If you read what I said, it was about making sure you can make a clean kill with a high probability before you choose to shoot. I don't care if that is 1 yd or 60 yds. The reality is that when you increase yardage you increase the variables and reduce the percentage for success. Being that we are shooting at a live animal and not a target we owe it to the animal to do everything we can on our end to ensure a quick clean kill. Good shot selection for each hunters skill set should be paramount in those decisions no matter what the actual yardage, there is no magic yardage.

I still contend that a hunter that replaces hunting skills needed to get his quarry into his effective shooting range with FPS of his equipment to extend his shooting range is in for some disappointing times ahead.

And yes I still believe the actual shot is a small part of the the hunt for a good bowhunter. Everything that leads up to the shot is much, much more important than the shot itself.

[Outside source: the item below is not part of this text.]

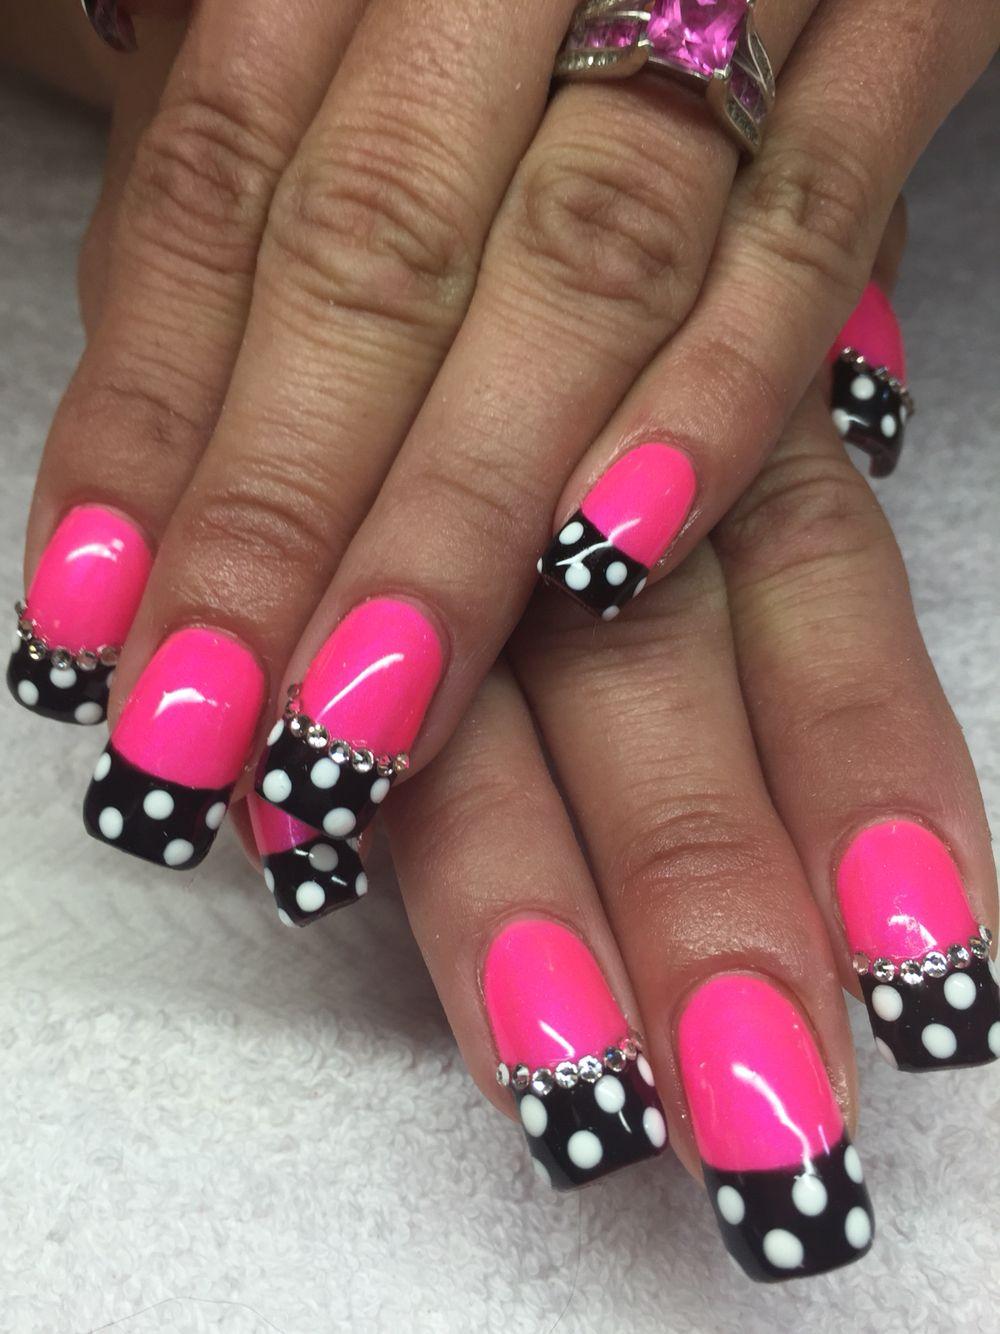 hot pink and black with polkadots

There is a vast difference between being a good bow hunter and a good bow shooter.


----------



## rackman323 (Jul 13, 2007)

Lundy...my comment was in regards to your statement about the shot. I completely understand your comments and mostly agree with them.

Your effective range is absolutely 100&#37; about bow shooting, that is what defines the range. Without the shot there is no kill. I do not disagree that there are many variables that go into making a clean kill, but the shot is in fact the only thing that matters. And yes we all should do our part to ensure the highest probability of a clean kill. Placing your stand in the right location or scouting skills are another thing. You won't have deer to shoot at if you cannot do that to begin with.

My only contention was I believe that the shot is of way more importance than you stated. (The shot is way more than just pulling a trigger.)


----------